In words, you repeatedly start at a random state in the maze. Then, at each cell position, you pick a random next state and you also determine all possible states after the next state -- these are sometimes called "next-next states." You examine the current Q values and find the largest value from the next state to any next-next state. This largest value, max_Q, is used in the statement that updates the Q matrix.

For each random starting state, you repeat this process until you reach the goal state. This assumes the goal state is reachable, so in some problems you need to apply a maximum loop control variable.
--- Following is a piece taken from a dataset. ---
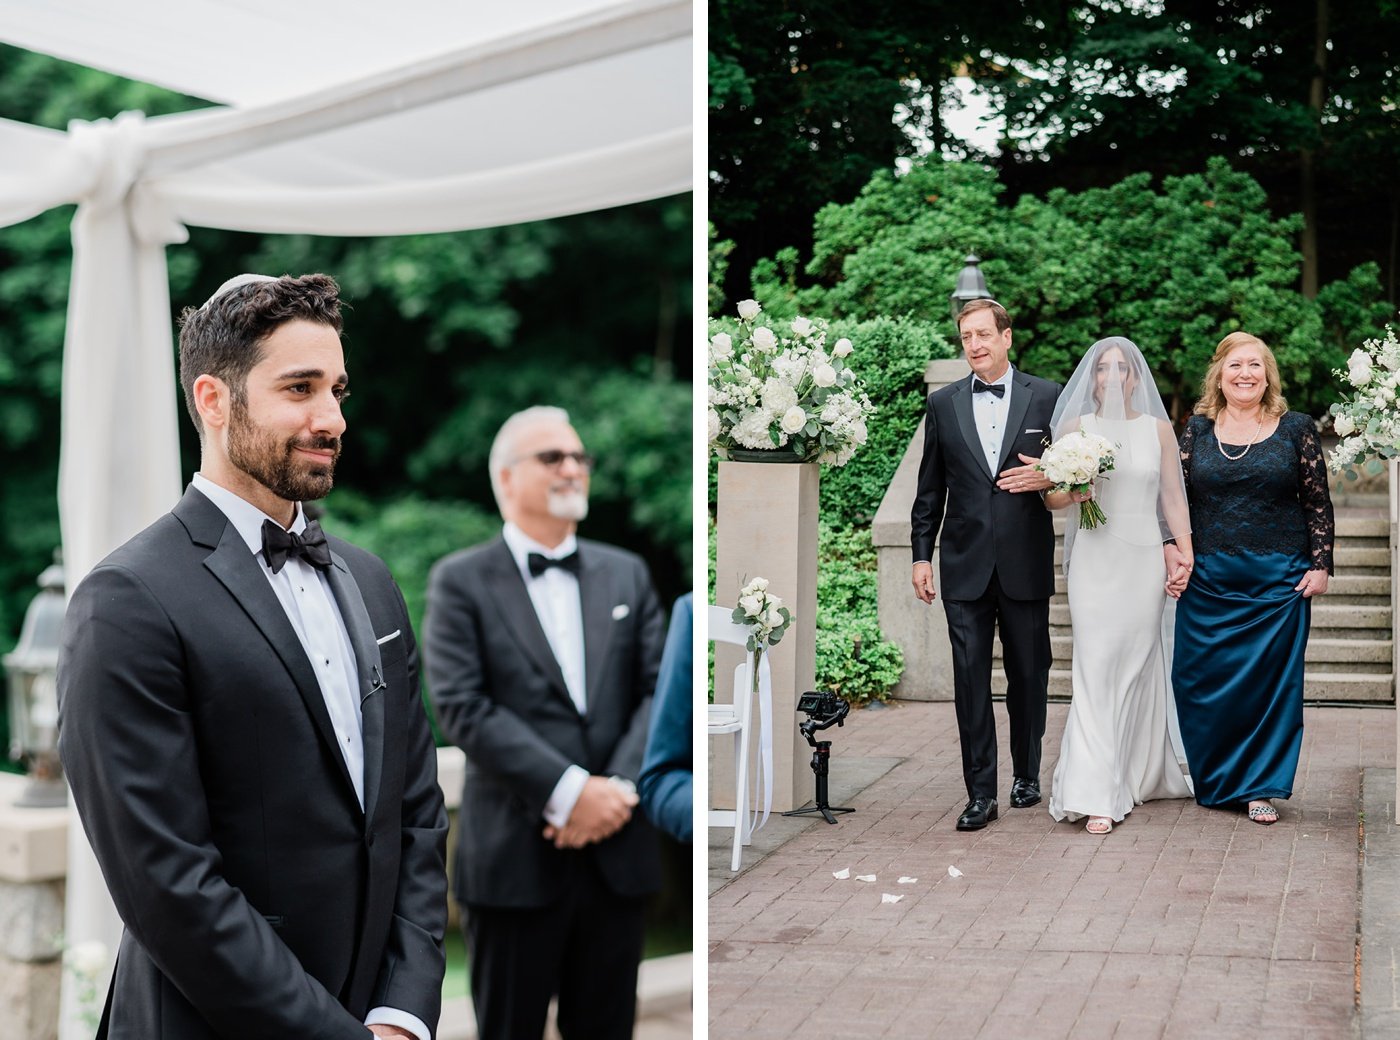 Wedding ceremony on the terrace at Tappan Hill Mansion

For example, suppose at some point during training, you're at cell 4 and the next random state is selected as cell 9. The next-next states are 4 and 14. Because moving to cell 14 has a reward of +10.0, the value of Q[4][9] will be increased, making that path more attractive than the path from cell 4 to cell 3. Clever!

Walking the Q Matrix
After the Q matrix has been computed, it can be used by function walk() to show the shortest path from any starting cell to any goal cell in the maze. Function walk() is defined:

def walk(start, goal, Q):
  curr = start
  print(str(curr) + "->", end="")
  while curr != goal:
    next = np.argmax(Q[curr])
    print(str(next) + "->", end="")
    curr = next

The key to function walk() is function np.argmax(), which returns the index of the largest value of the function's input vector. For example, if a vector v had values (8, 6, 9, 4, 5, 7), then a call to np.argmax(v) would return 2. Function walk() assumes the goal state is reachable.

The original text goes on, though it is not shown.